Hablar memorizado

Hablar memorizado es la recitación de memoria de un mensaje escrito que el hablante ha cometido a la memoria. Los actores, por supuesto, recitan de memoria cada vez que interpretan un guión. Cuando se trata de discursos, la memorización puede ser útil cuando el mensaje debe ser exacto y el hablante no quiere estar limitado por notas.

La ventaja de memorizar es que permite al hablante mantener la vista contacto con la audiencia a lo largo del discurso. Estar libre de notas significa que puede moverse libremente por el escenario y usar sus manos para hacer gestos. Si su discurso utiliza ayudas visuales, esta libertad es una ventaja aún mayor.

Sin embargo, existen algunos costos reales y potenciales. Primero, a menos que también planifique y memorice cada señal vocal (las variaciones sutiles pero significativas en la entrega del discurso, que pueden incluir el uso de tono, tono, volumen y ritmo), gesto y expresión facial, su presentación será plana y poco interesante , e incluso el tema más fascinante sufrirá. Puede terminar hablando en un tono monótono o en un patrón de ejecución repetitiva de cantar una canción. También puede presentar su discurso en un estilo rápido de «ametralladora» que no enfatiza los puntos más importantes.

En segundo lugar, si pierde su lugar y comienza a intentar improvisar, el contraste en su estilo de la entrega alertará a su audiencia de que algo anda mal. Si se queda completamente en blanco durante la presentación, será extremadamente difícil encontrar su lugar y continuar. Obviamente, memorizar un discurso típico de siete minutos en el aula requiere mucho tiempo y esfuerzo, y si no estás acostumbrado a memorizar, es muy difícil de lograr. Siendo realistas, probablemente no tendrás el tiempo necesario para dar un discurso completamente memorizado. Sin embargo, si practicas adecuadamente, te acercarás a la sensación de memorizado sin dejar de ser extemporáneo.

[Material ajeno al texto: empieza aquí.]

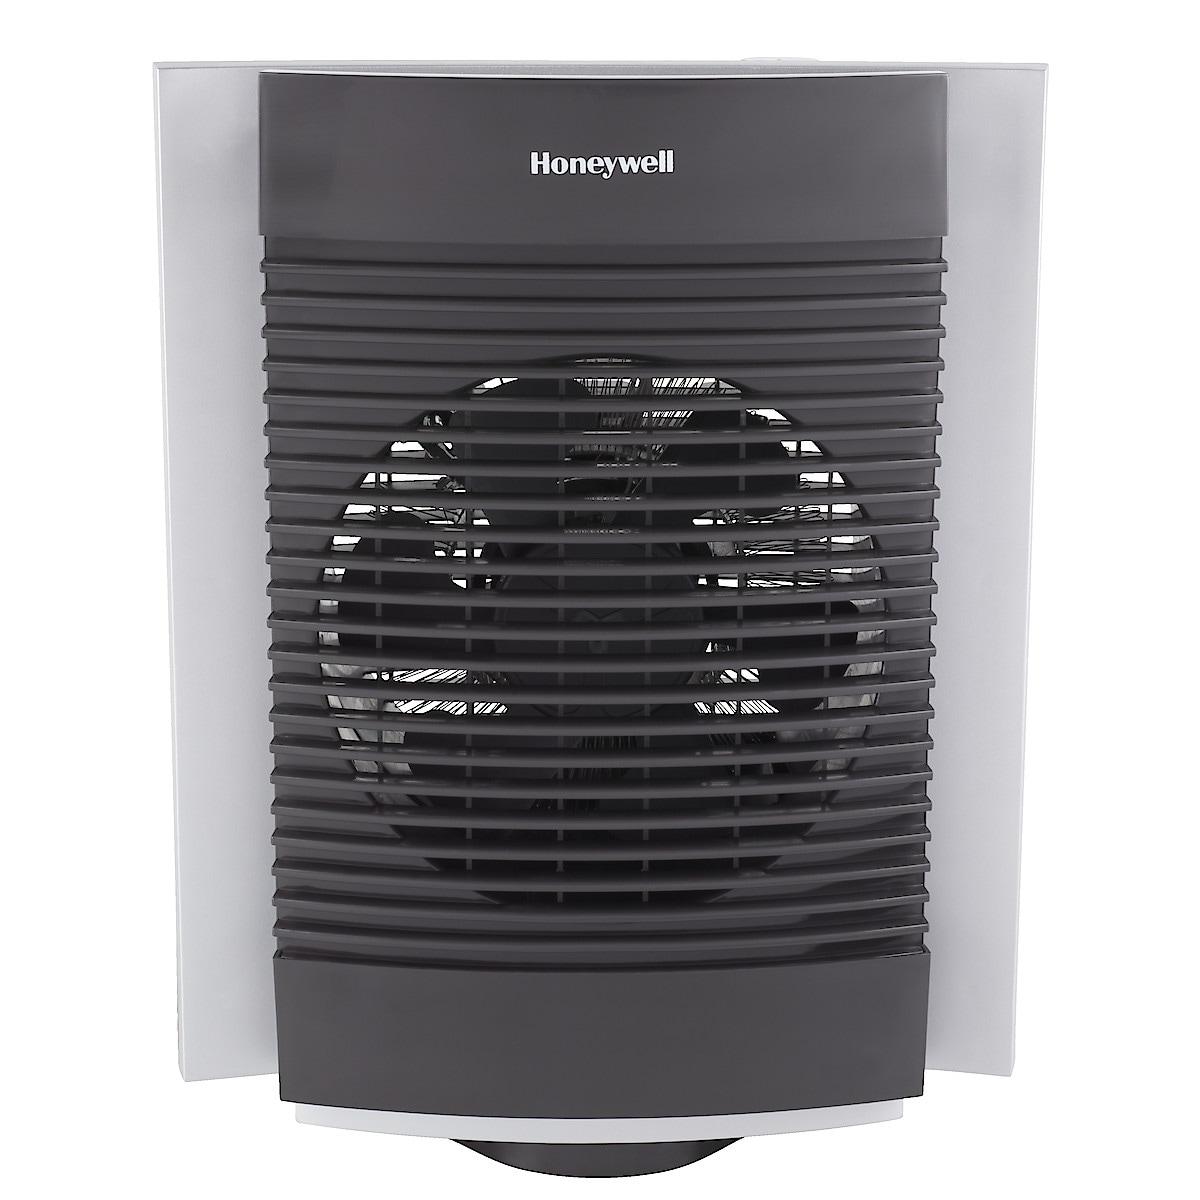 Värmefläkt Honeywell HZ-500E

Como dijimos anteriormente, para los propósitos de esta clase, utilizará el habla extemporánea. Muchos oradores profesionales a quienes se les paga por hacer discursos usan este enfoque porque, si bien pueden saber en gran medida lo que ellos quieren es decir, generalmente realizan cambios y ajustes en función de la audiencia o el evento. Este enfoque también incorpora la mayoría de los beneficios del habla memorizada (saber lo que quiere decir; ser ensayado muy a fondo) y del habla manuscrita (tener algunas palabras frente a usted para referirse) sin las trampas inherentes que esos enfoques traen consigo.